All these great achievements have come to us from the hand of the inventor. He it is who has enabled us to inhabit the air above us, to tunnel the earth beneath, explore the mysteries of the sea, and in a thousand ways, unknown to our forefathers, multiply human comforts and minimize human misery. Indeed, it is difficult to recall a single feature of our national progress along material lines that has not been vitalized by the touch of the inventor's genius.

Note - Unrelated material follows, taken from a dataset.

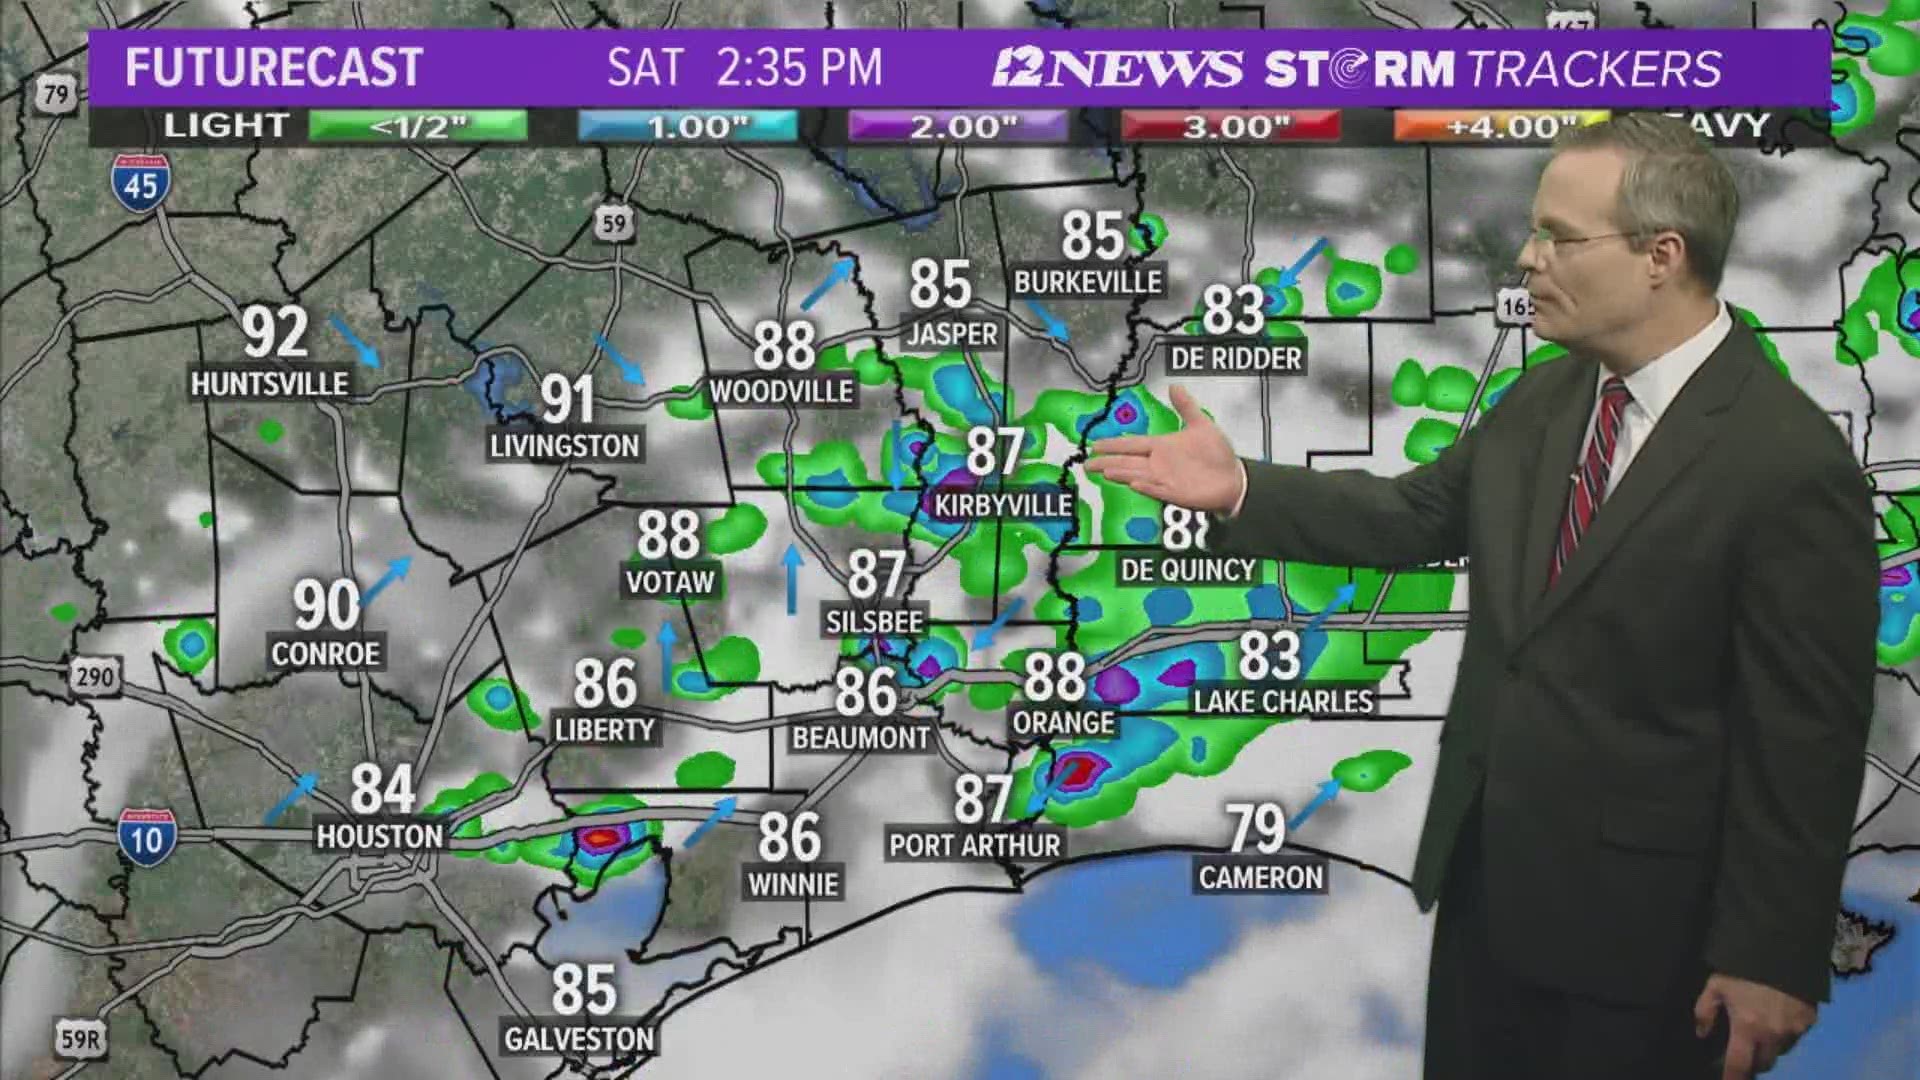 A stalling front, copious atmospheric moisture and instability will keep scattered showers and thunderstorms in the forecast this weekend in SE Texas.

Into this vast yet specific field of scientific industry the colored man has, contrary to the belief of many, made his entry, and has brought to his work in it that same degree of patient inquisitiveness, plodding industry and painstaking experiment that has so richly rewarded others in the same line of endeavor, namely, the endeavor both to create new things and to effect such new combinations of old things as will adapt them to new uses. We know that the colored man has accomplished something--indeed, a very great deal--in the field of invention, but it would be of the first importance to us now to know exactly what he has done, and the commercial value of his productions. Unfortunately for us, however, this can never be known in all its completeness.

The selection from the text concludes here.